Problem Set 2.2
2.2.1. Triangle ABC is inscribed in a circle. Point D is the center of the inscribed circle. Prove that angle DAE is congruent to angle ADE. (Note: the 'triangle' in the left hand side of the prove statement should be 'angle')
We want to show that triangle EAD is isosceles with the congruent base angles at A and D. It helps to identify the triangle.
Note angle ADE is the exterior angle of triangle ADC so we can express it as the sum and look for substitutions to get the measure of angle DAE)
m(angle ADE) = m(angle CAD) + m(angle DCA)
Since AD is an angle bisector, m(angle CAD) = m(DAB)
m(angle ADE) = m(angle DAB) + m(angle DCA)
Now angle DCA has the same measure as angle ECB because CD is an angle bisector. Both Angle ECB and angle BAE subtend the arc BE so they have the same measure . Open GSP file.
2.2.2 If a circle with center O is inscribed in a trapezoid whose bases are tangent to the circle at point P and Q (see figure), prove:
a. O, P, and Q are collinear
b. The diameter of the circle equals the height of the trapezoid
c. m(angle COB) = 90 degrees.
Part a seems like a candidate for an indirect proof. Construct a line PO to intersect AB at R at some point other than Q. Show contradiction.
Part b should follow from part a and the fact that PQ must be perpendicular to AB and DC.
Part c. Note OC and OB are angle bisectors.
EXTRA: Prove line OB is perpendicular to AD and line OA is perpendicular to BC.
Prove: If S and T are respectively the points of tangency on AD and BC, show that ASOQ, DSOP, CPOT, and BQOT are cyclic.
Prove: In any circumscribable polygon, the quadrilateral made up of a vertex, the two adjacent points of tangency of the inscribed circle, and the center of the inscribed circle form a cyclic quadrilateral.
a. Try showing m(angle PAQ) = m(angle PBQ) . Note they each subtend the chord PQ. Since there are congruent circles the arcs the angles subtend have the same measure.
b. If we can show CP = PA, then both are equal to PB from part A so there will be a circle ABC with AC as a diameter and thus triangle ABC is a right triangle.
So, to show CP = PA two approaches seem possible.
The first, knowing AP = PB would be to show PBC is isosceles with base angles at B and C.
The second is to note that APQ is a right triangle because AQ is a diameter. Use that to show PQC is a right triangle with CQ as a diameter. You are almost done.

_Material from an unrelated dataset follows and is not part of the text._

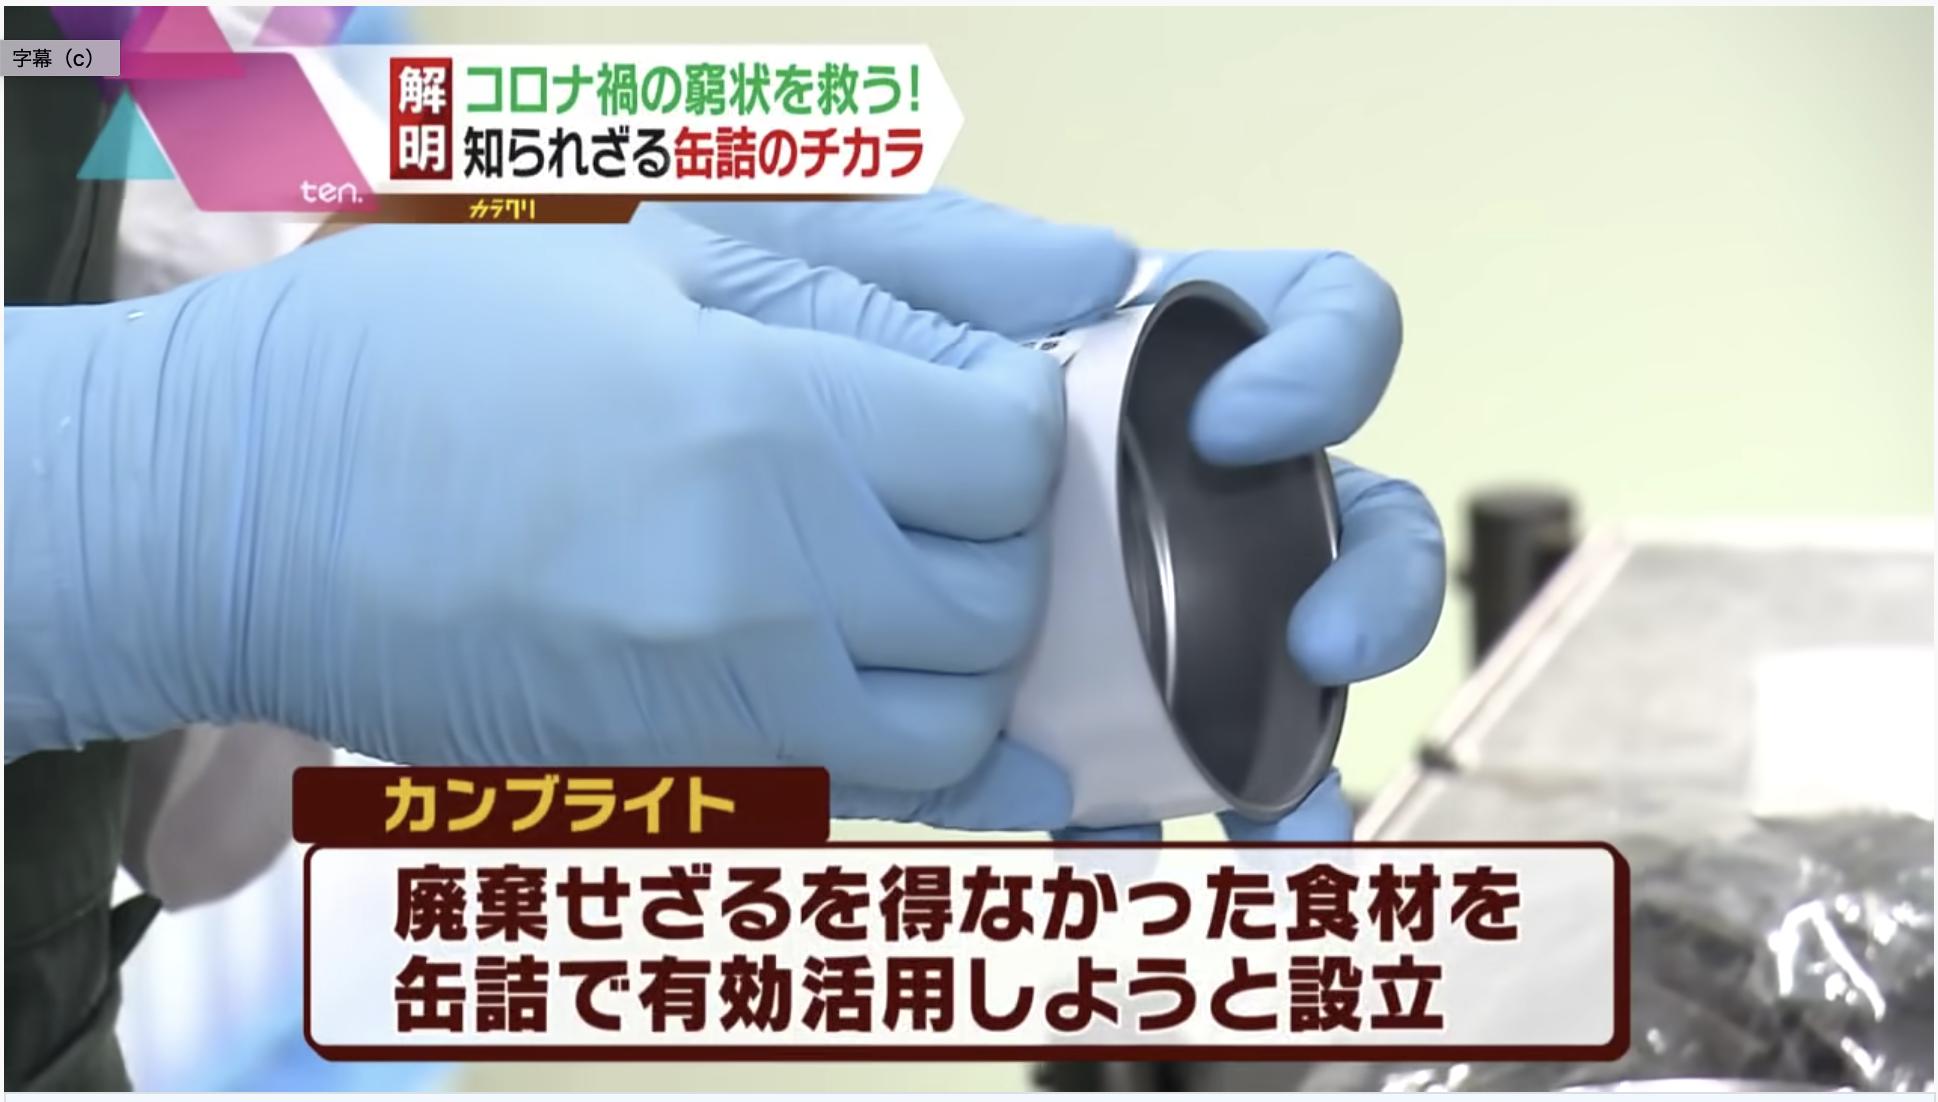 【進化する缶詰】コロナによる飲食業界の苦境を救う!

2.2.4. Two circles which share a common center are called concentric circles. If segments AB and CD are two chords in the larger circle tangent to the smaller circle, prove that AB = CD.
If you have proved the theorem embedded in part a of Problem 2.1.1, then the proof here can make use of that result.
Otherwise, there are several ways to consider congruent triangles involving radii of the large circle to A, B, C, and D as well as the perpendiculars from O to the points of tangency with the small circle.
Corollaries:
Chords equidistant from the center of a circle are congruent, and conversely.
A perpendicular to a chord from the center of a circle goes to the midpoint of the chord.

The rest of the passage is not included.